Question

how do you know that adding access 6M HCl to a solution of lead (II) ions will not precipitate all the Pb2+ ions from that solution

Answer 1

For you to get a better answer and explanation, I'll put the whole procedure to determinate if there's still a precipitate in the solution:

The Group A cations (Ag+ and Pb2+ ) are the only cations in our qualitative analysis scheme that form insoluble chlorides.

The procedure to follow is:

Measure 10 drops of a solution to be tested for the Group A cations into a test tube. Add 6 M HCl, dropwise, with shaking just until no more precipitate appears to form. Stir thoroughly; then centrifuge.

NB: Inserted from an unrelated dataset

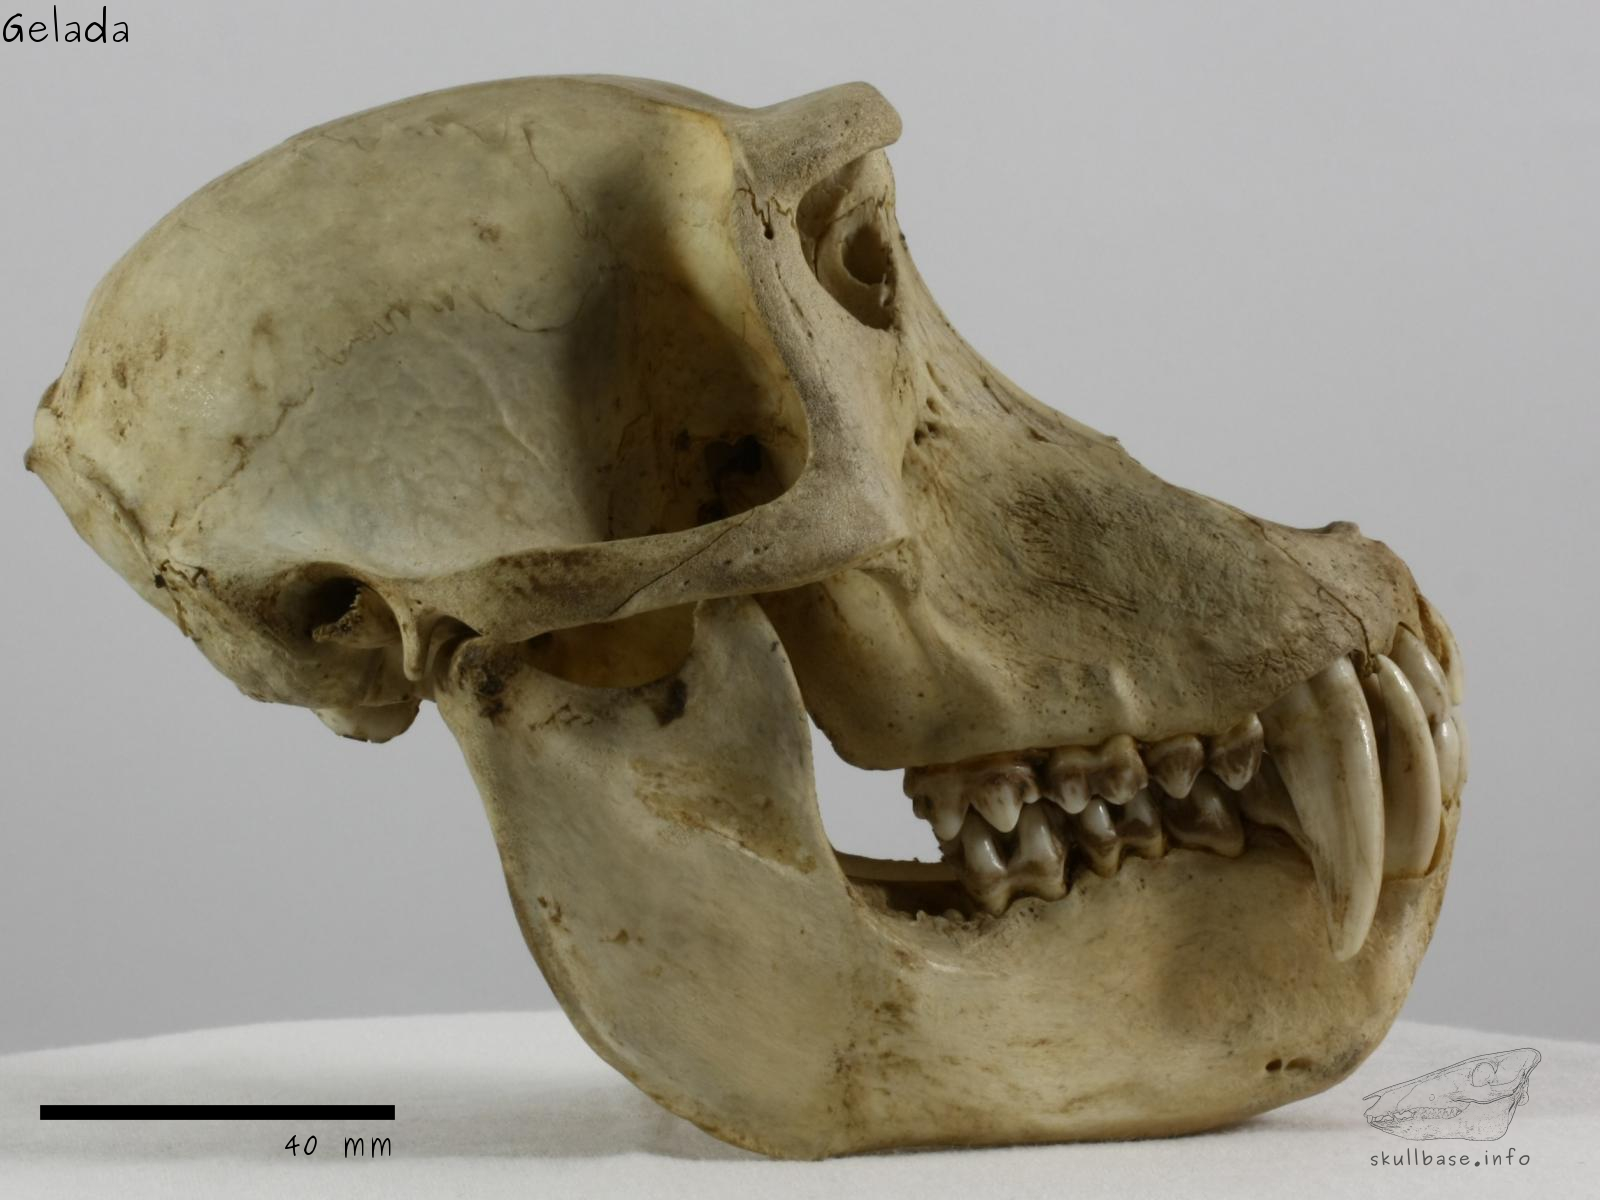 Gelada (Theropithecus gelada) skull lateral view
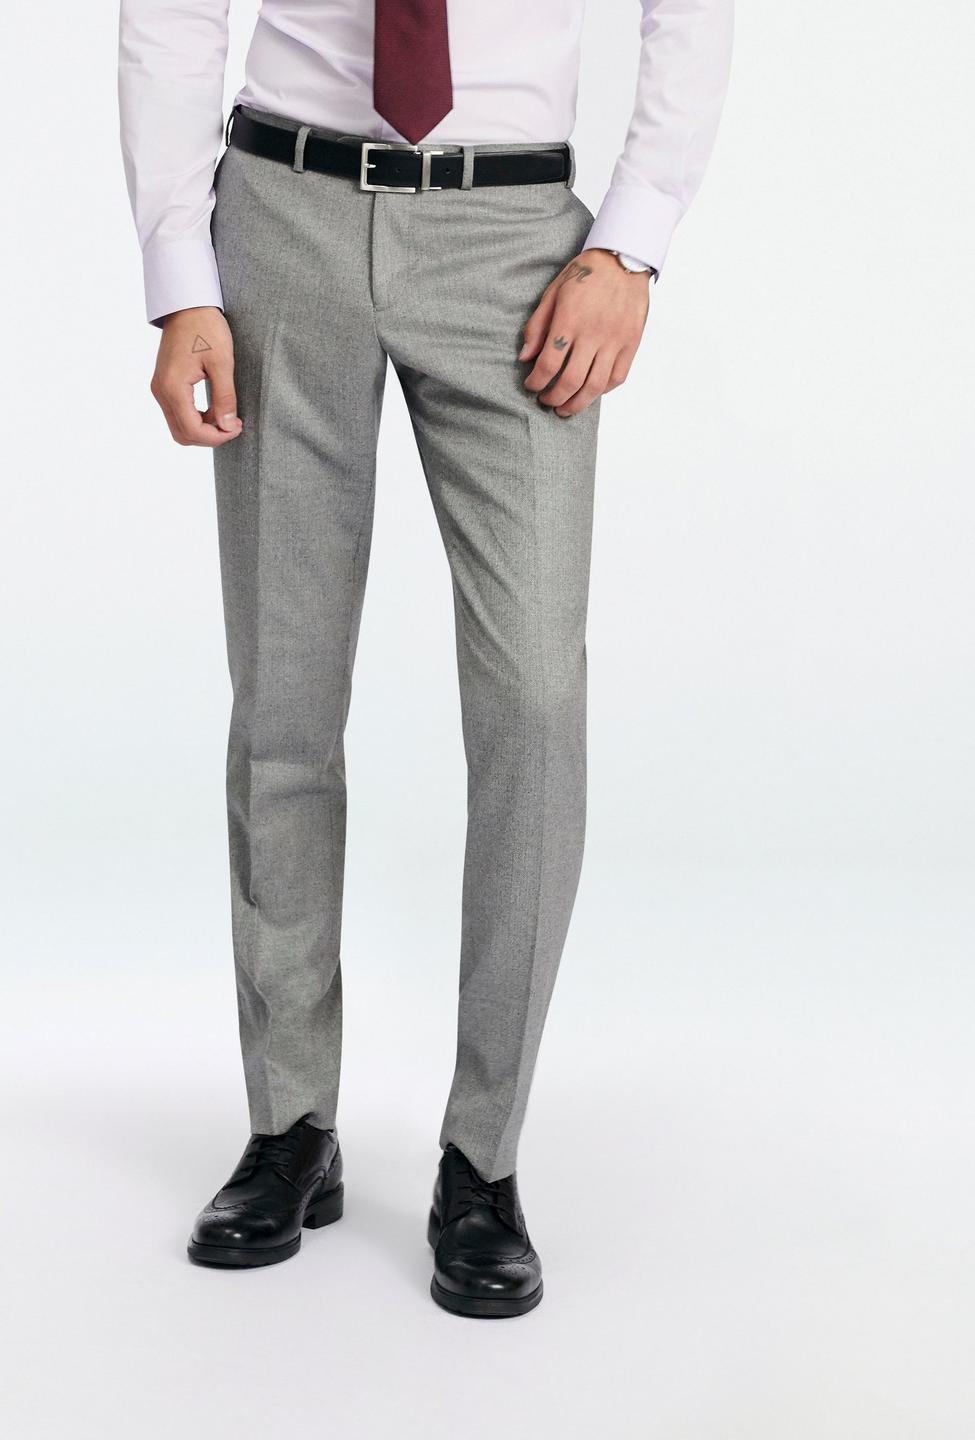 Gray pants - Prescot Herringbone Design from Seasonal Indochino Collection

Do not decant yet.

Test for complete precipitation by adding 1 drop of 6 M HCl to the clear supernatant. If cloudiness is observed or a precipitate forms, add another drop, stir and centrifuge. Repeat this process until no new precipitate forms upon addition of the 1 drop of hydrochloric acid.

Wash the precipitate twice by adding 10 drops of cold, deionized water then stir, centrifuge and decant.

The solubility of PbCl2 increases considerable in hot water compared to cold water while the solubility of AgCl remains relatively constant. Hot water can thus be used to separate PbCl2(s) from AgCl(s). The precipitate from step 1 is treated with hot water. After centrifuging and decanting, the resulting supernatant is tested for the presence of Pb2+ by adding KI(aq). The formation a golden yellow solid confirms the presence of Pb2+.

So, if you want to know that the whole Pb ions has not precipitate at all, you should add more HCl to the solution containing that ion, and then follows the procedure above. That's the best way to know it.

Anything else you want more explanation, you may tell me here.